Explaining the slowdown projected for this year, compared to 2022, is a significant deceleration in private consumption in volume to 0.4% (5.7% in 2022) and, to a lesser extent, in investment to 2.3% (2.7% in 2022), due to uncertainty, inflation and worsening financing conditions.
In the labour market, the CFP expects the employment rate to increase by 0.2% this year and then recover in 2024 to 0.4%, while the unemployment rate should increase to 6.4% in 2023, and remain at that value in 2024.
In the report, the institution led by Nazaré da Costa Cabral warned that several “downward macroeconomic and fiscal risks” underlie these projections.

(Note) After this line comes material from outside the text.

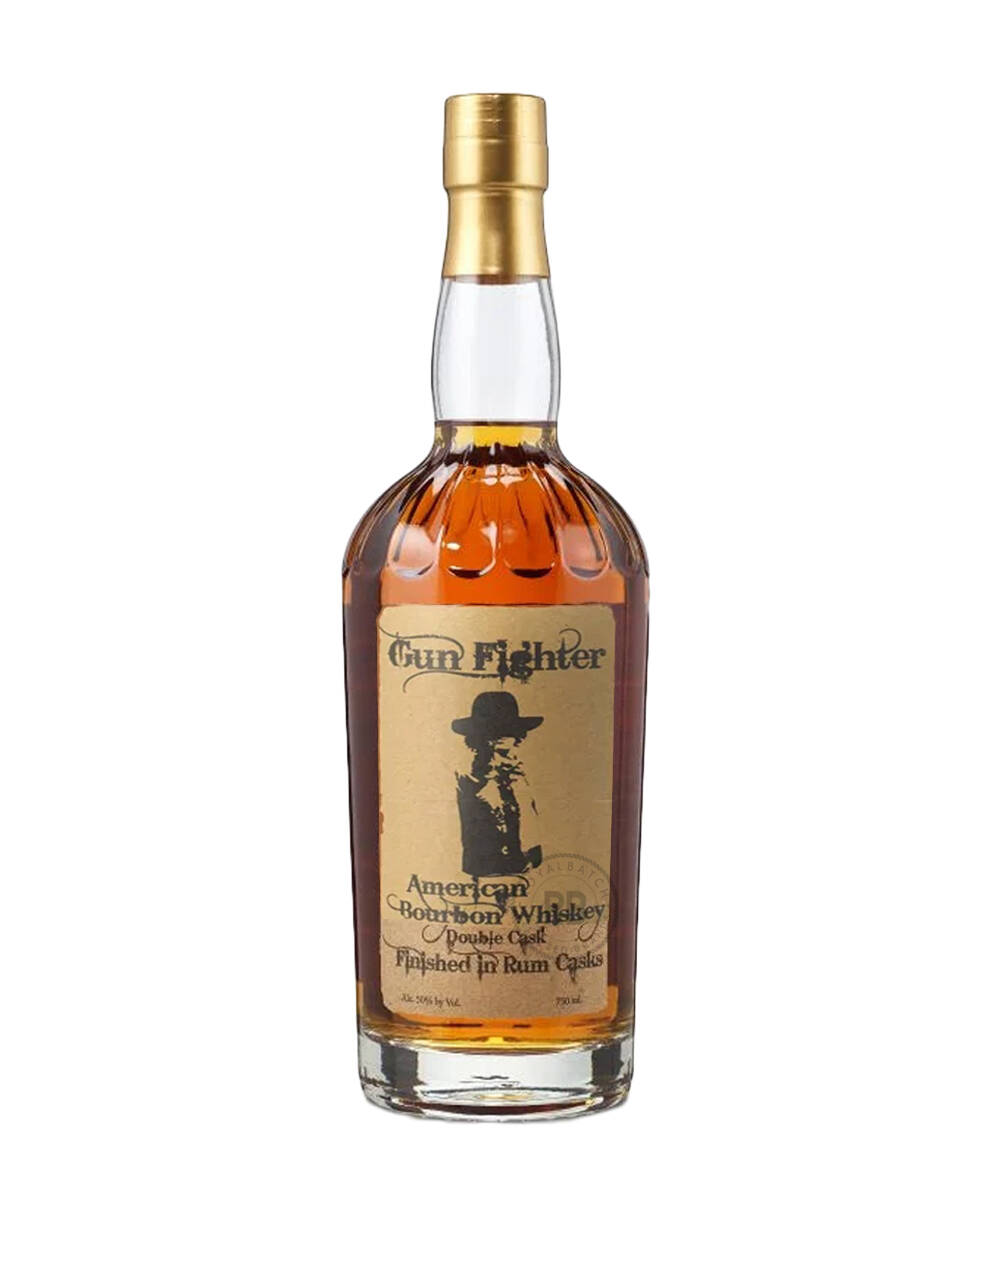 Gun Fighter American Bourbon Whiskey Double Cask Finished in Rum Casks

The continuation of the war in Ukraine, the increase in the price of raw materials due to China’s reopening process, the possible easing of inflation expectations in the medium term and the transmission of inflationary dynamics to the less volatile components of the Consumer Price Index (CPI) “could lead to a higher and more persistent inflation rate than that currently considered”.
Consequently, says the CFP, “the main central banks may accelerate the normalisation processes of monetary policy, damaging both domestic demand, due to the impact that rising interest rates have on an economy with a high degree of indebtedness such as Portugal’s, and external demand directed at Portugal, due to the slowdown in economic activity of the country’s main trading partners”.
The possibility that the execution rate of the Recovery and Resilience Plan (RRP) will still be below the value considered, “damaging” the projected investment, is another of the risks identified.